Selama beberapa tahun terakhir, Jia Curated terus menarik perhatian pengunjung internasional, peserta pameran, serta media arsitektur, desain, dan gaya hidup dari berbagai negara. Penyelenggara berharap edisi 2026 juga mampu meningkatkan partisipasi masyarakat Indonesia untuk menyaksikan perkembangan desain dan kriya nasional di panggung global.
"Antusiasme yang kami rasakan saat memperkenalkan Jia Curated di Tokyo semakin meyakinkan kami desain Indonesia memiliki tempat yang penting dalam percakapan kreatif dunia," ujar Co-Founder dan Co-Curator Jia Curated, Budiman Ong, dalam keterangan tertulis, Kamis, 6 Agustus 2026.
Menurut Budiman, Jia Curated ingin terus membangun koneksi internasional sekaligus mengajak masyarakat Indonesia lebih mengenal potensi desain dan kriya nasional.
"Kami berharap setiap pengunjung tidak hanya terinspirasi oleh karya-karya yang ditampilkan, tetapi juga oleh berbagai kemungkinan yang lahir ketika kriya, budaya, dan kolaborasi bertemu," kata dia.
Selain pameran, Jia Curated juga menghadirkan pertunjukan musik dan seni budaya setiap sore yang memadukan tari tradisional, penampilan band, hingga pertunjukan DJ untuk memperkaya pengalaman pengunjung.
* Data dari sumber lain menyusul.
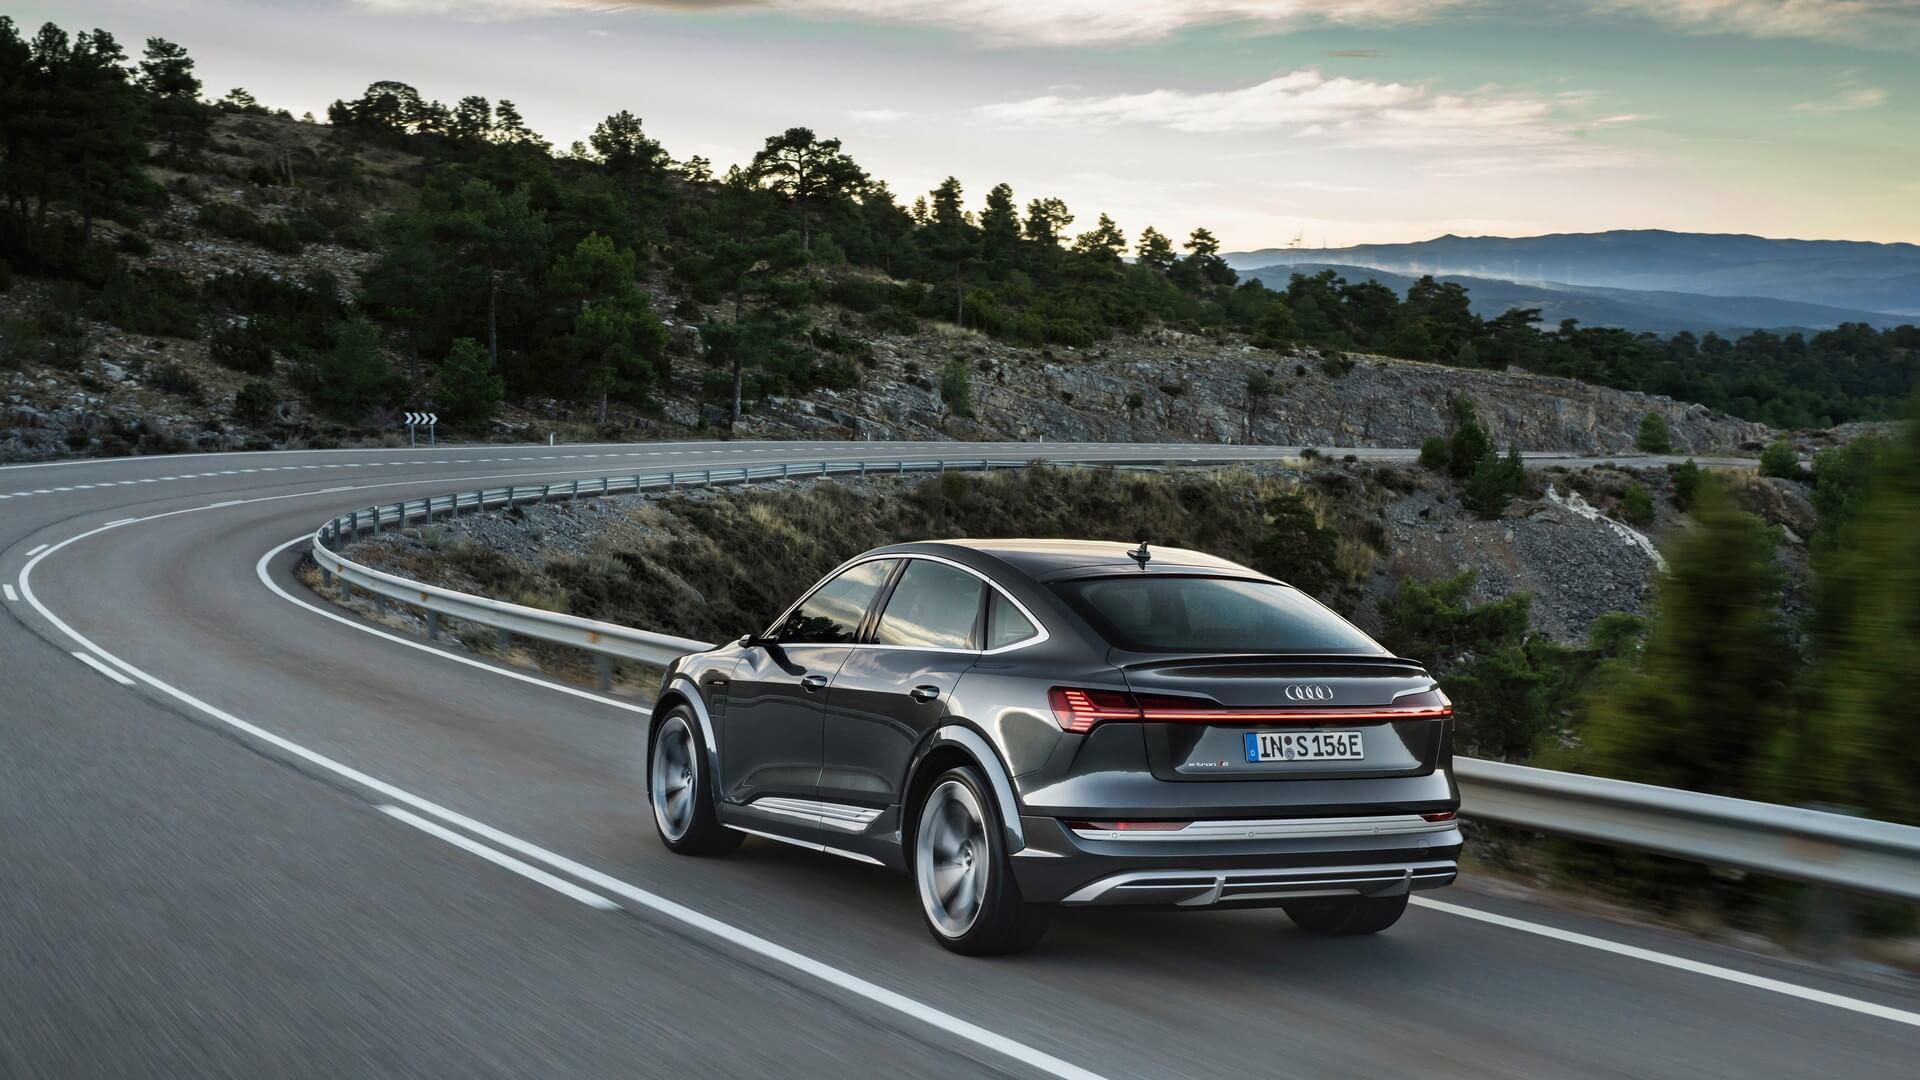 Audi-E-Tron-S-and-E-Tron-S-Sportback-2020-58

Penyelenggara juga akan menyambut buyer internasional yang diharapkan membuka peluang kolaborasi bisnis bagi desainer, perajin, serta inovator material dari kawasan Asia.
Melalui penyelenggaraan tahun ini, Jia Curated menegaskan perannya tidak hanya sebagai pameran tahunan, tetapi juga sebagai platform diplomasi kreatif yang mempertemukan pelaku industri Indonesia dengan mitra regional maupun internasional.